The Lewis County Prosecutor’s Office has also filed a motion to add The Chronicle, in particular Assistant Editor Natalie Johnson, as a defendant to the lawsuit. If approved by a judge, that means Hunt would also be suing The Chronicle to prevent the release of the unredacted documents.

“The only reason for the controversy between Judge Hunt and Lewis County is Ms. Johnson’s PRA request, which requires Lewis County to produce the public record at issue,” the motion written by Deputy Prosecutor Eric Eisenberg states.

The prosecutor’s office served Johnson with paperwork in the case at the Lewis County Law and Justice Center Tuesday.

“Moreover, our state Supreme Court has implied that without the requestor’s joinder, no one has an incentive to zealously advocate for the release of the records and the proceedings would not be truly adversarial,” Eisenberg wrote. “Lewis County has no strong interest in whether these records are produced redacted or unredacted, other than its duty to follow the law as best it can.”

Hunt’s request for an injunction is set to come before Judge Michael Evans at 9 a.m. Thursday morning in Cowlitz County Superior Court..

The Chronicle filed a public records request with Lewis County on Dec. 21 asking for all documents related to a settlement with former Lewis County Drug Court Manager Jennifer Soper-Baker.

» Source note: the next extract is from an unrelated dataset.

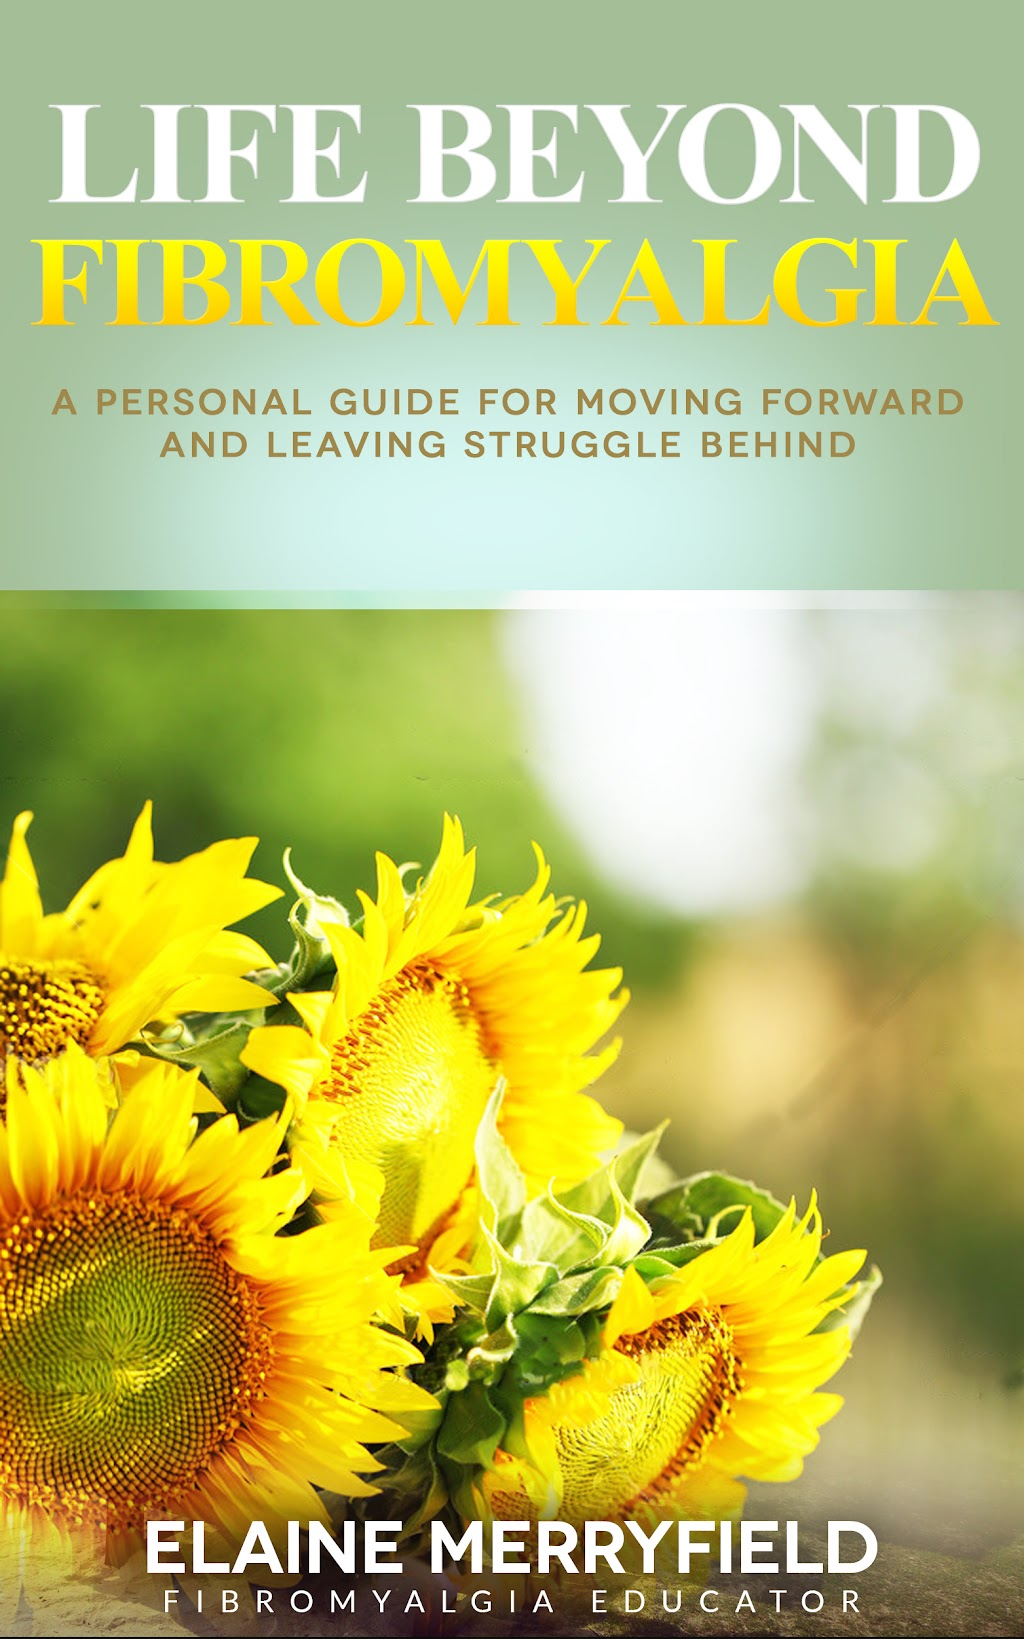 Life Beyond Fibromyalgia cover

On Jan. 25, Hunt filed an injunction to halt the release of those records, citing “protected, personal medical information.” He asks that several lines in two documents be redacted before release.

While The Chronicle has not yet obtained information about the settlement, Hunt’s request outlined some basic details.

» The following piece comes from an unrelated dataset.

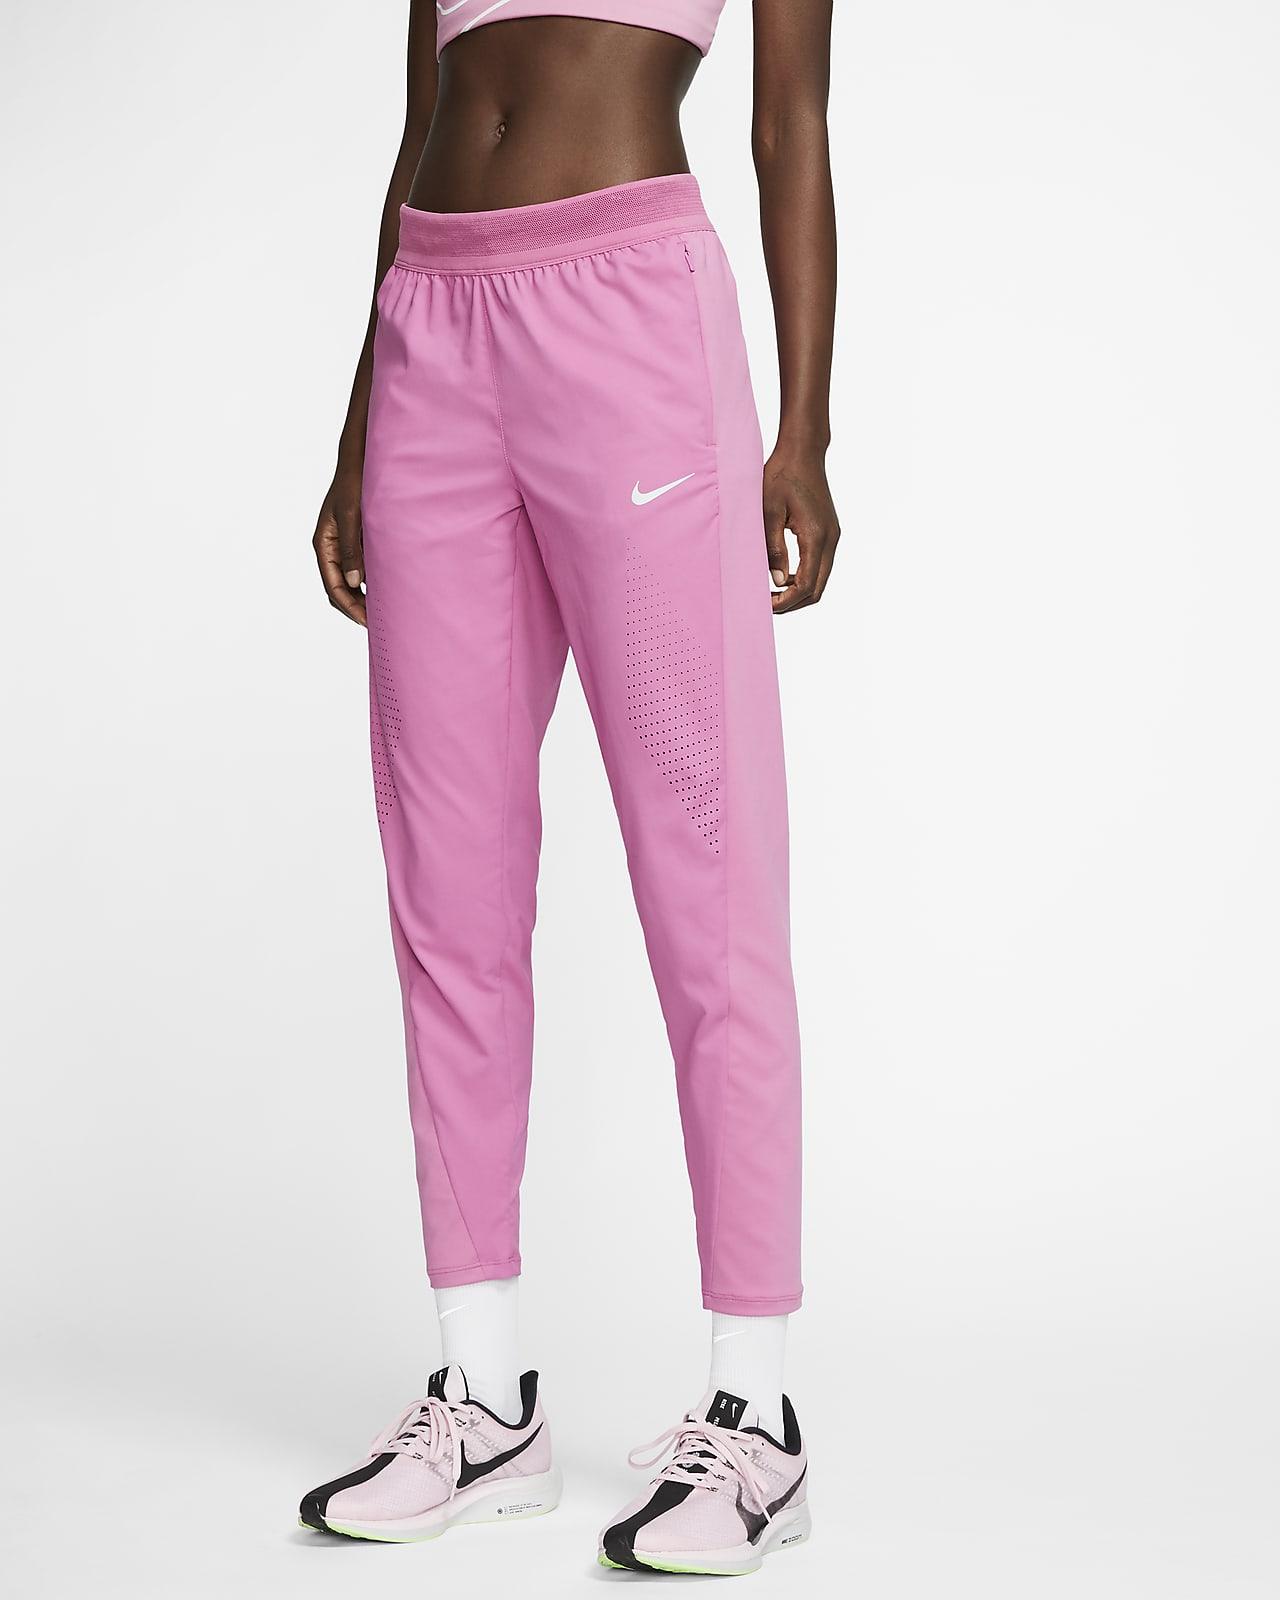 global Frente al mar Categoría  Nike Swift Pantalón de running - Mujer. Nike ES

“The claim is 10 pages in length and essentially divided into two parts. The first part alleges that the judges and other official (sic) of Lewis County failed to adequately protect her when she was feeling threatened by a coworker,” Hunt wrote. “The second section alleged that for nine years, 2007 to 2016, that the plaintiff (Hunt) engaged in a course of sexual harassment.”

According to Hunt, the county rejected the tort claim. Soper-Baker and her attorney shared a draft complaint, a document filed as part of a lawsuit, with the county which repeated allegations in the tort claim.

The matter went into mediation and was settled out of court by the County Risk Pool in 2017.

“Judge Hunt is asking only that this information be redacted from the requested documents, meaning that he agrees the remaining, vast majority of the allegations are subject to disclosure regardless of the truth or falsity of those remaining allegations,” Hunt’s request states.